This week, I watched along with much of our nation as George H.W. Bush, the 41st President of the United States, was laid to rest. It was particularly meaningful to me. Washington is my hometown, and I was fortunate to interact with President Bush and can attest to his attributes of kindness and genuine interest in others. Much has been made of these qualities – as well as his impact on issues that would shape our world for generations to come, including the end of the Cold War.
But if I put on my professional fundraiser hat for a moment, the phrase that plays over and over in my mind is one he coined before he was even elected president: “a thousand points of light.”
In 1988, George H.W. Bush described his vision for America as “stars, like a thousand points of light in a broad and peaceful sky.” He reprised the phrase months later in his inaugural address to the nation. In so doing, he was calling upon us to draw on the synergy of our diversity and our collective spirit of volunteerism to support our fellow Americans.
Politically speaking, he was taking a “smaller government” stance, speaking of how individuals and communities could provide support and services to each other that government could be viewed as ill-suited to provide. The spirit of volunteerism among Americans, he thought, could do so much more to lift up those in need than government programs ever could.
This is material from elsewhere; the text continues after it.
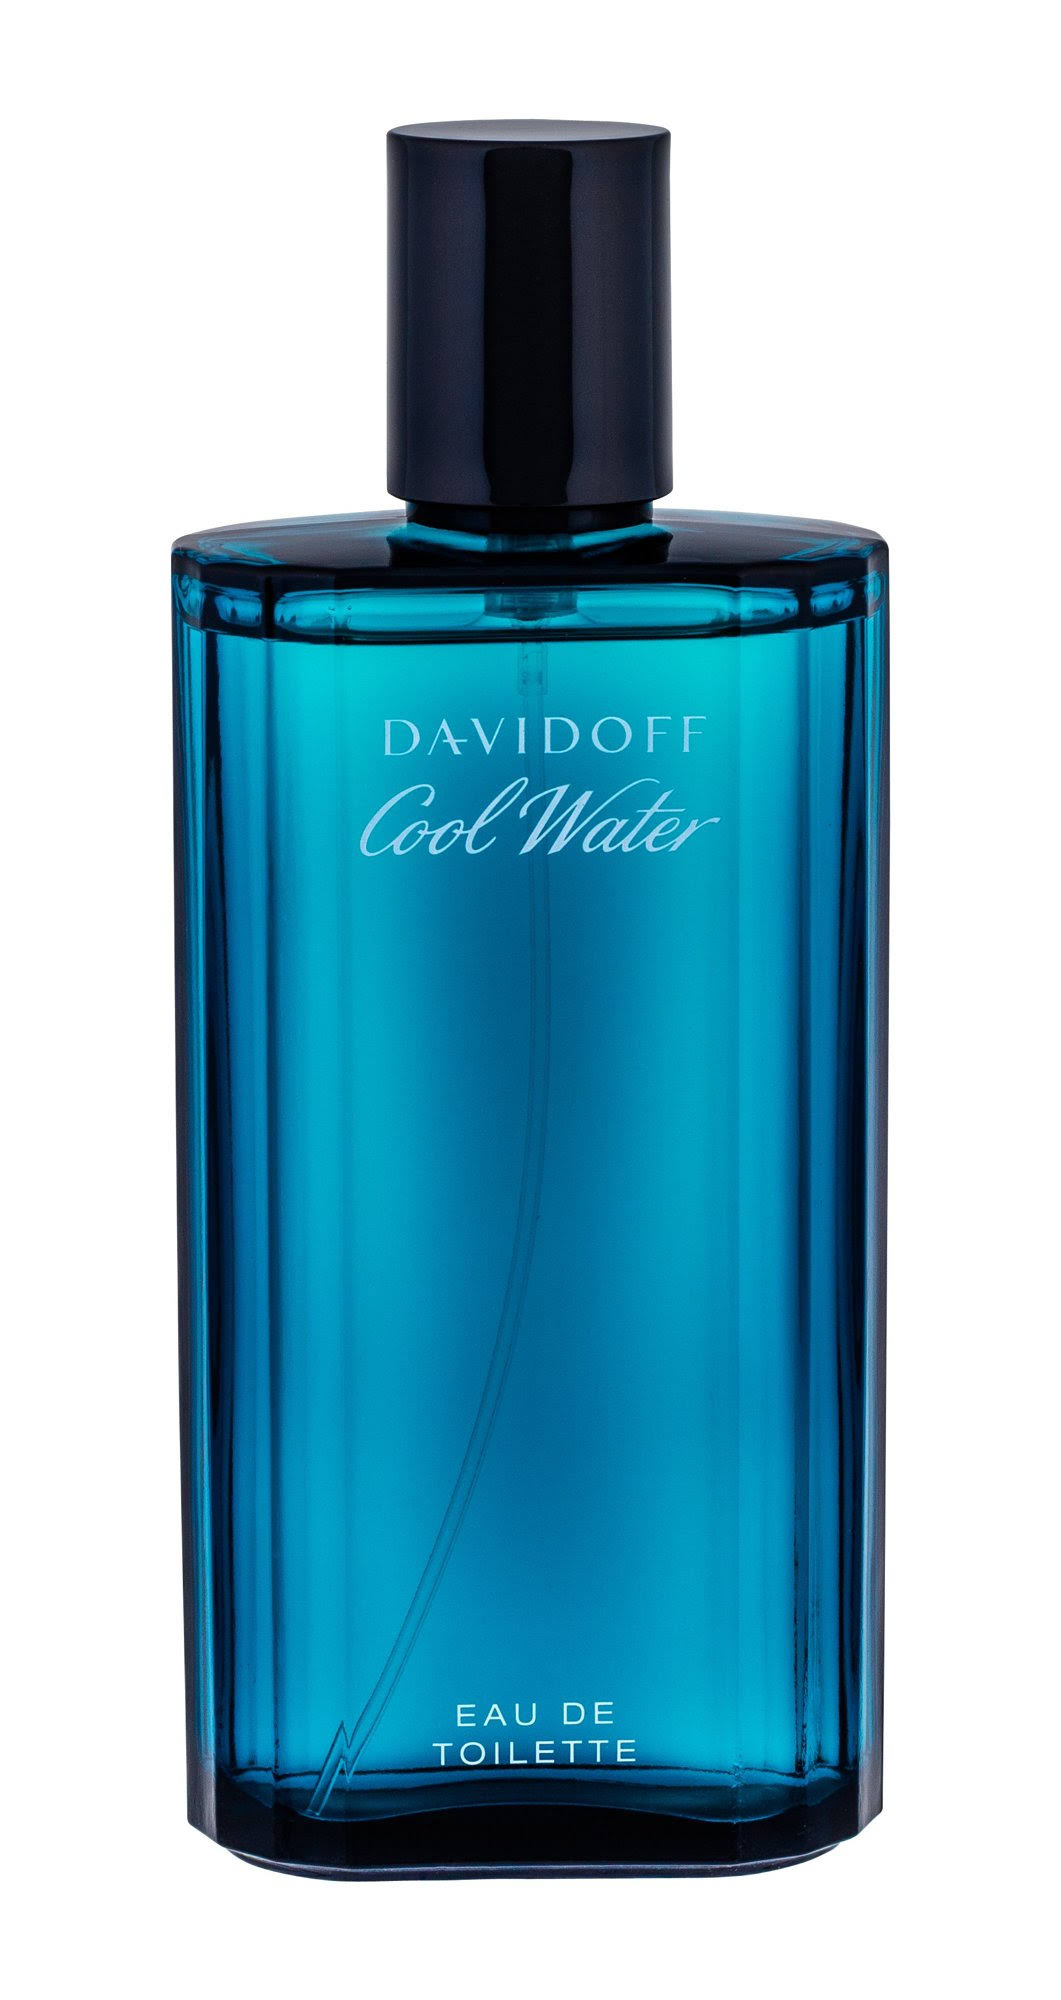 Cool Water by Davidoff Eau de Toilette Spray for Men - 4.2 fl oz bottle

However, no matter where you land on the political spectrum, whether you support “big” government or “small,” as fundraisers, we are inspired by our organizations’ missions for much the same reason.
The power of individuals to support one another through both volunteerism and philanthropy is what allows humanity to thrive. In fact, an ethos at Graham-Pelton is that humanity depends on philanthropy.
As fundraisers, we offer donors the opportunity to be the heroes in stories that matter to them. Imagine for a moment a world in which schools were unable to provide scholarships to deserving students, hospitals were unable to offer the highest quality of care to patients, and social change organizations were unable to advocate for those in need.
It’s not a pretty picture, and it’s not a world in which any of us would want to live. We, as humans, have an innate desire to make our world a better place.
Acts of generosity, both volunteerism and philanthropy – and make no mistake, the two are inherently linked – are worthy and noble pursuits. With the legacy of our 41st president fresh in our minds and the holiday season of giving already underway, now is the time to encourage donors to commit to the non-profits they support, not just because it is the end of the tax year or it’s “what we always do,” but because doing so allows individuals to help realize a vision for something greater than themselves.
Amidst the apathy, self-indulgence, and even rancor that is all too prevalent in the world today, our role as fundraisers is to show donors that they too can be points of light, ever illuminating a dark expanse of sky.